Словарь философских терминов. Научная редакция профессора В.Г. Кузнецова. М., ИНФРА-М, 2007, с. 683-684.

Эволюционная этика сложилась как направление в ХIХ в. и продолжала развиваться в течение ХХ столетия. Появление в ХIХ в. трудов известных биологов, и прежде всего, работы Ч. Дарвина «Происхождение человека», побудило философов выдвинуть и отстаивать тезис об объяснении природы морали с точки зрения эволюционной теории (Г. Спенсер).

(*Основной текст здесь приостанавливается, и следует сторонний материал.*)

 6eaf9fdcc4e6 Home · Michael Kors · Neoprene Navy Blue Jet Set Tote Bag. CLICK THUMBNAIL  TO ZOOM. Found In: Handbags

Однако, еще в ХVIII в. просветители говорили о моральности естественного человека. Столкнулись два утверждения - «человек от природы зол» и цивилизация облагораживает его и «человек от природы добр» и поэтому социальная среда должна быть устроена справедливым и гуманным образом, дабы не разрушить природную доброту человека. Сторонники той и другой позиции сходились на мысли о необходимости построения общества, которое сдерживало бы эгоистические устремления граждан и объединяло бы их интересы в некое гармоническое целое. Этическая концепция разумного эгоизма подводила человека к поиску своего места в поле многообразия интересов и амбиций.

Центральная проблема эволюционной этики - индивид и среда, решалась как постепенное отлаживание адаптации человека к обществу в процессе утилитарно-ориентированных материальной и социальной деятельности. Успешность результатов этой деятельности убеждала в правильности избранного пути и тем самым способствовала естественному настраиванию индивида на закрепление сложившихся в данном процессе отношений к обществу и самому себе, то есть самосовершенствование человека оказывалось естественной функцией этого процесса. Отсюда следовало, что если гармонизация человека и социальной среды имеет естественно-эволюционный характер, она не требует революционного вмешательства извне.

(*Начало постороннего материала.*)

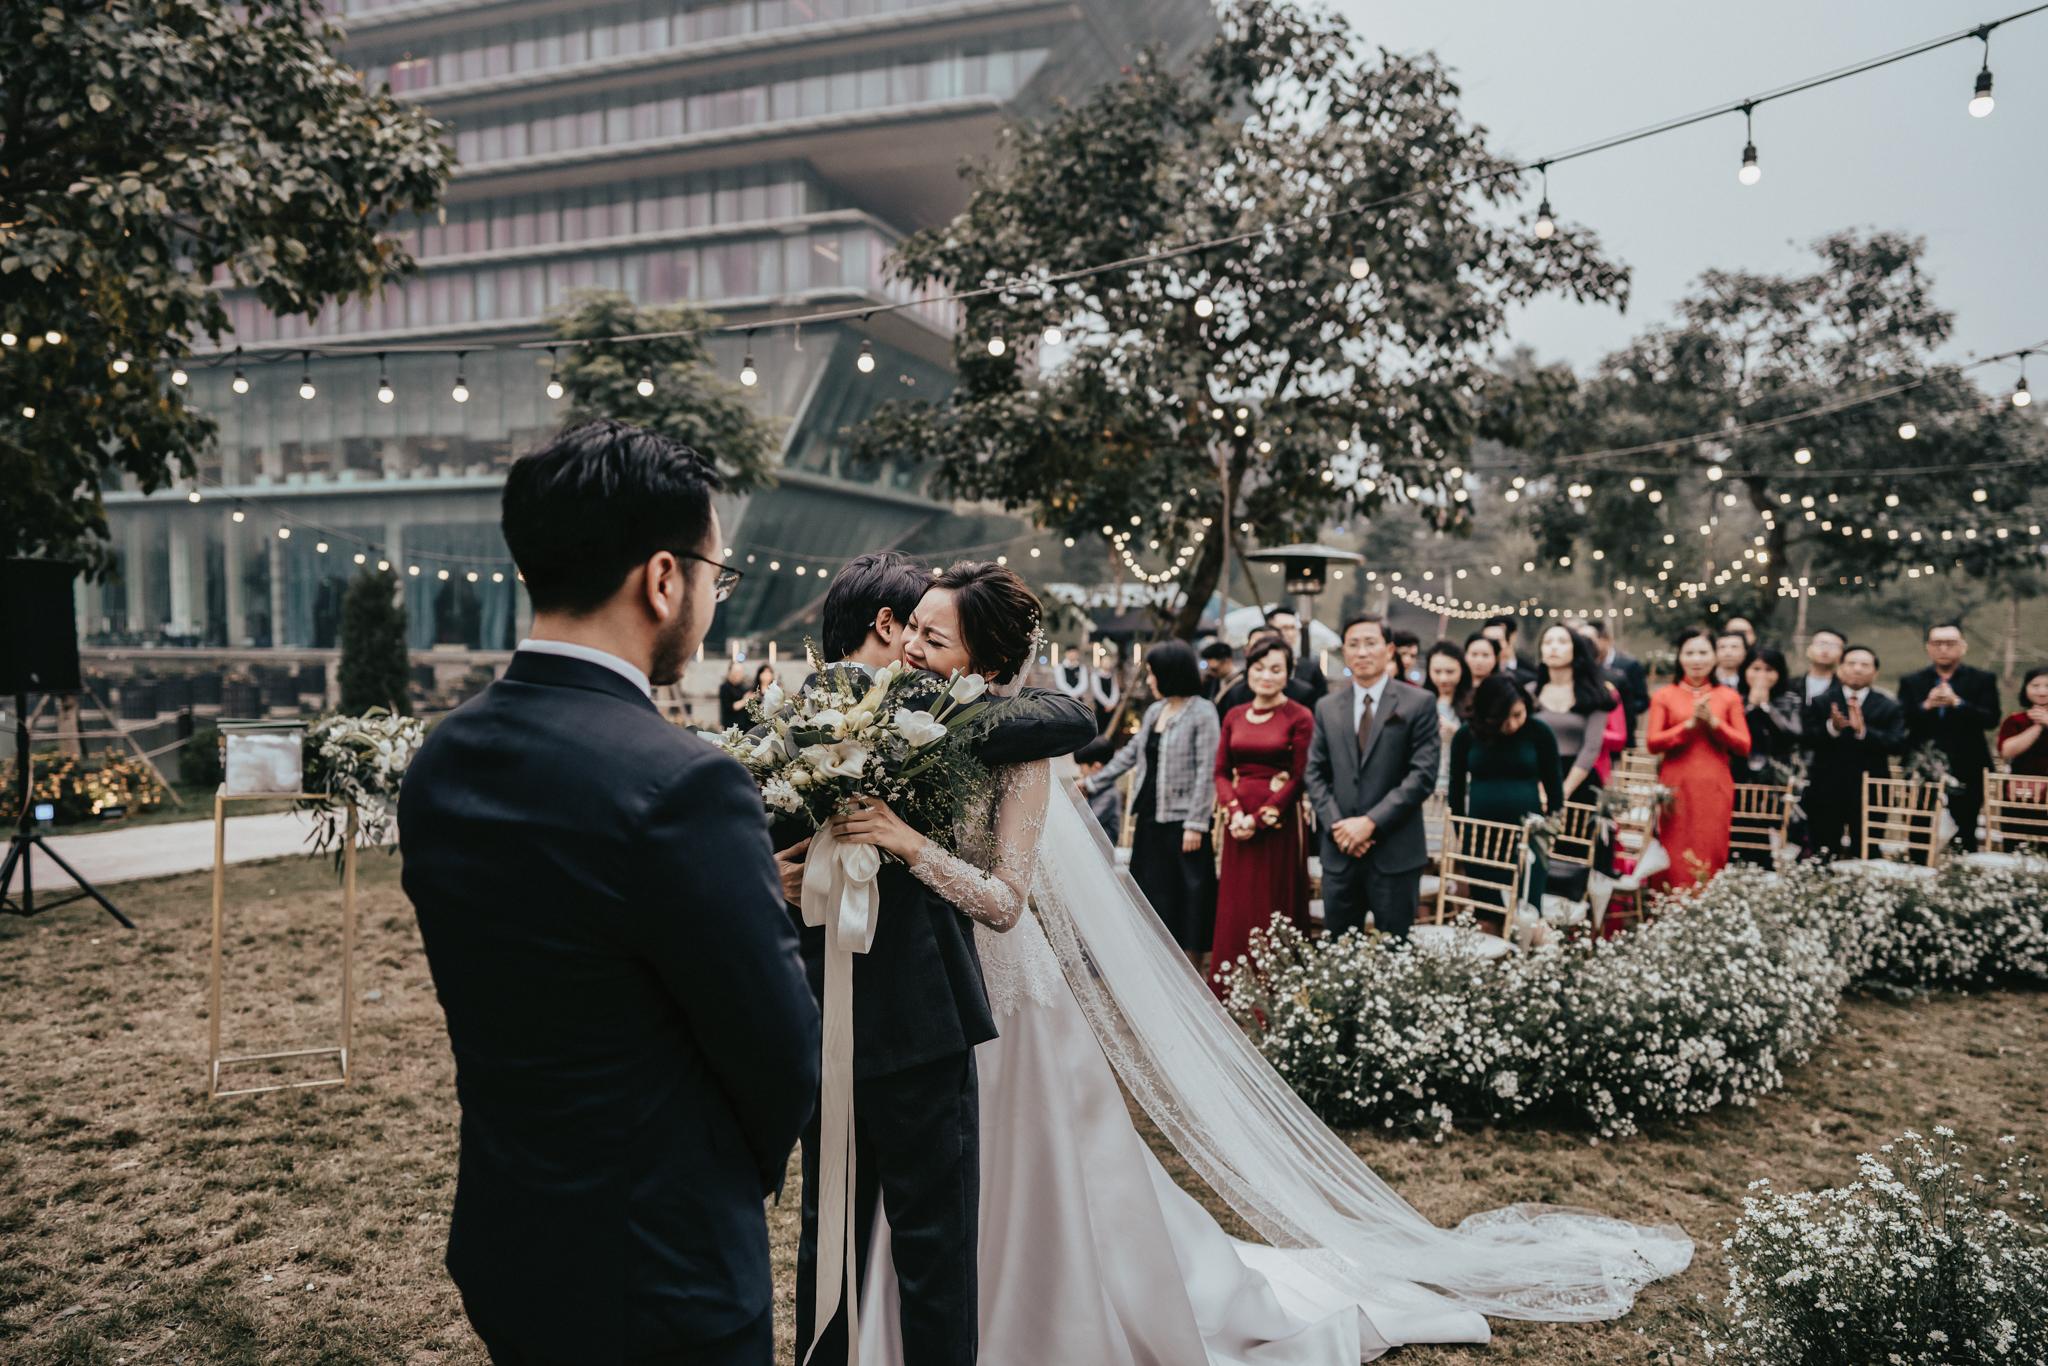 JWMarriott Ha Noi Intimate Wedding of Trang Hi well captured by Hipster Wedding Vietnam Wedding Photographer-35864.jpg

В России натуралистические теории в основном делали акцент на необходимости решительного изменения общественного строя, что якобы только и давало возможность раскрытия природной моральности человека, поэтому эти концепции были связаны с движениями политического радикализма (Концепция разумного эгоизма Н.Г. Чернышевского, исходящая из антропологического принципа, этика альтруизма П.А. Кропоткина).

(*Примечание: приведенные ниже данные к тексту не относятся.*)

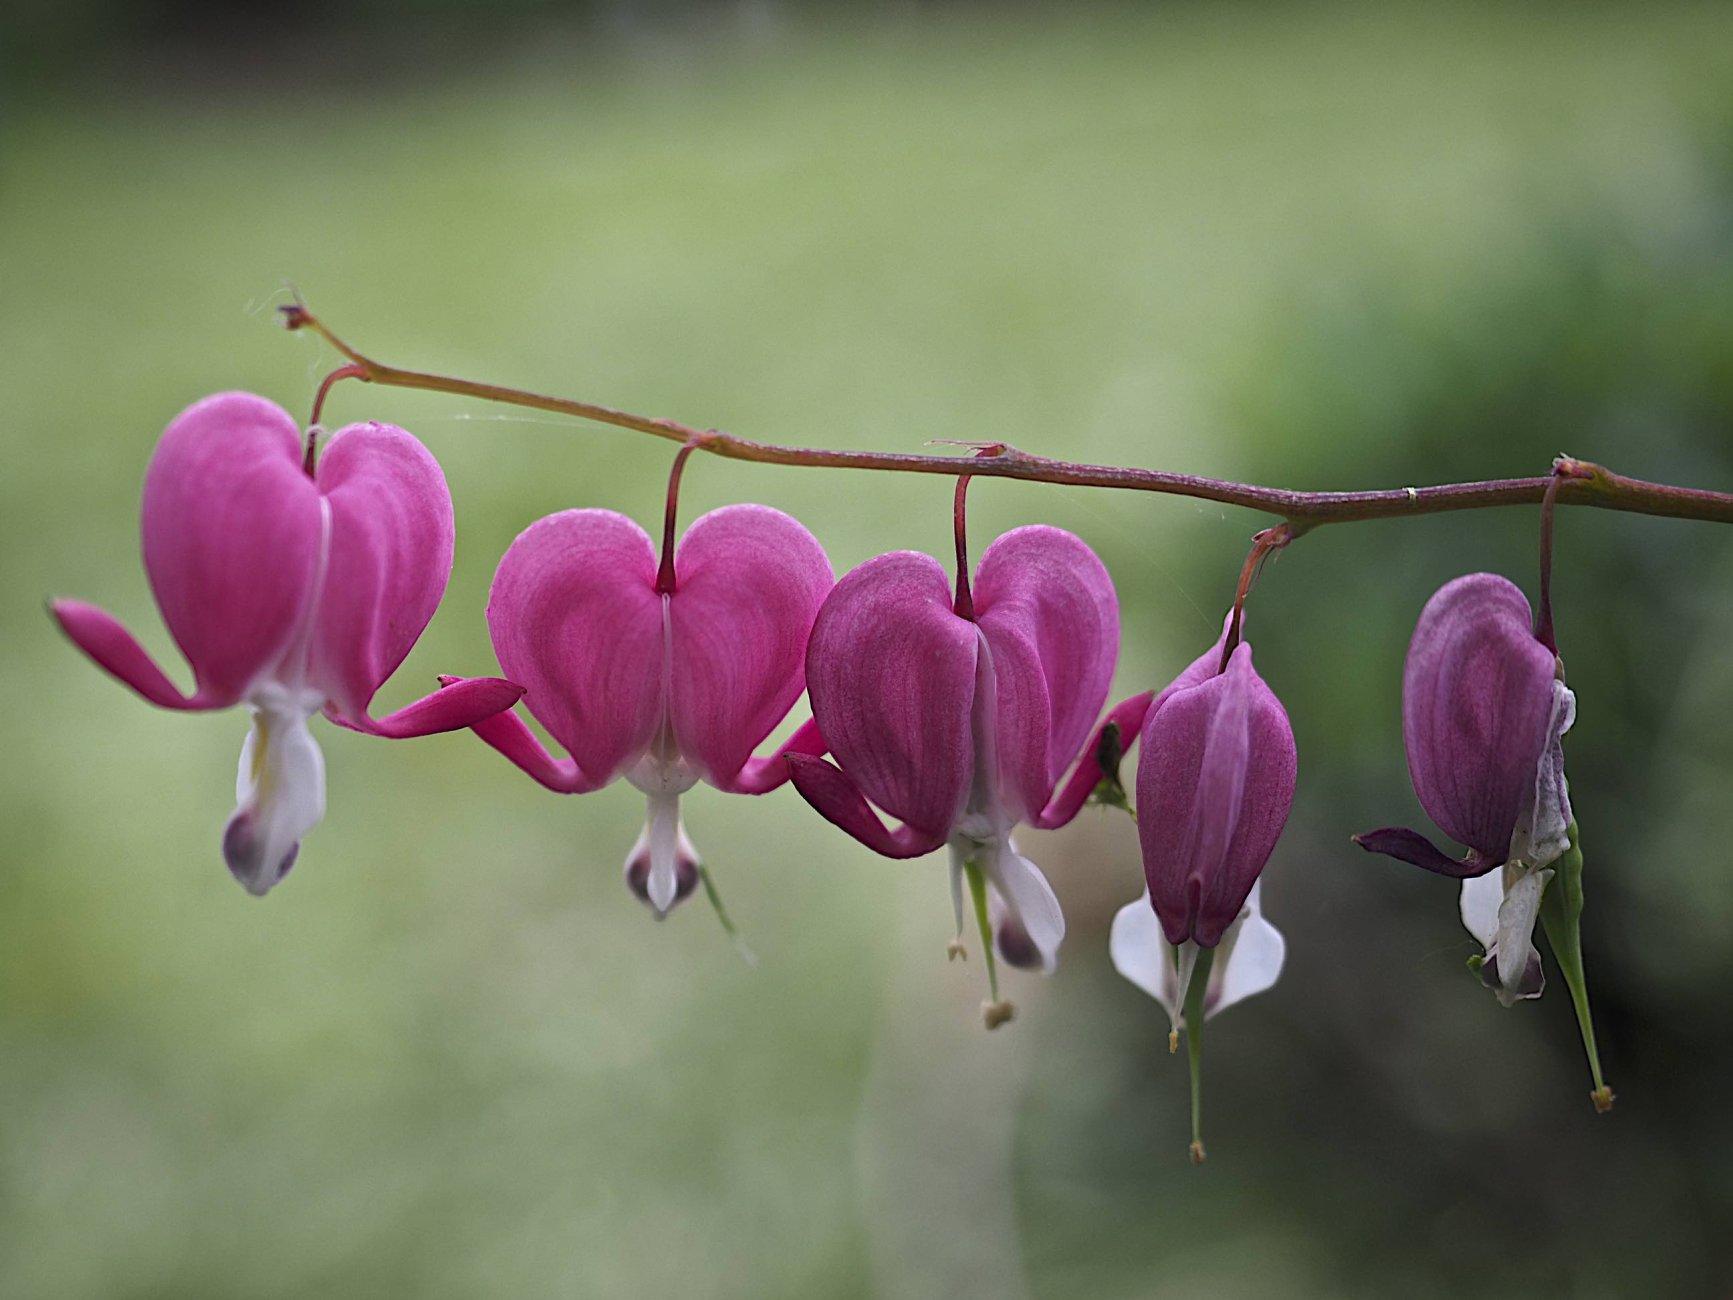 Flowers of Spring #3

Связывая теорию анархизма с натуралистической концепцией морали, П.А. Кропоткин солидаризировался с основным принципом этики утилитаризма - достижением наибольшего счастья для наибольшего числа людей, но в отличие от Д.С. Милля, он считал достижение этого идеала возможным лишь после подтверждения успешной деятельности на ниве личной предприимчивости. Так П. Кропоткин стремился обосновать возможность личного счастья через реализацию природного инстинкта взаимопомощи, альтруизма, идущего из недр природы.

Только изучение природы должно дать естественное объяснение нравственному чувству. Понимание природы как поля битвы, борьбы за выживание недостаточно. П.А. Кропоткин считал, что сторона животной жизни, основанная на общительности, взаимопомощи играет большую роль, чем взаимное истребление. Именно взаимопомощь является оружием в борьбе за существование и в инстинкте взаимной симпатии, взаимной впечатлительности можно обнаржить зачатки совести, справедливости, самопожертвования. Именно с альтруизмом, а не с эгоизмом связан инстинкт самосохранения и на нем основан закон органической эволюции.

П.А. Кропоткин полагал, что ни коммунистические идеи, ни христианская этика не способны обеспечить прогрессивное развитие личности, так как они осуществляют насилие над природой человека. Именно анархизм поможет реализоваться природному альтруизму человека и из суммы усилий отдельных личностей получить благосостояние всего общества. П.А. Кропоткин видел загадку этического мышления в растворении «Я» в роде, следовательно, альтруизм является доминирующим принципом нравственного поведения.

В ХХ в. идеи эволюционной этики были в значительной степени дискредитированы вследствие их вульгаризации социал-дарвинизмом. Однако, во второй половине ХХ века во многом благодаря бурному развитию генетики концепция эволюционной этики продвинулась вперед. Представители социобиологии Э. Уилсон и М. Рьюз увидели новую перспективу в эволюционном подходе к морали.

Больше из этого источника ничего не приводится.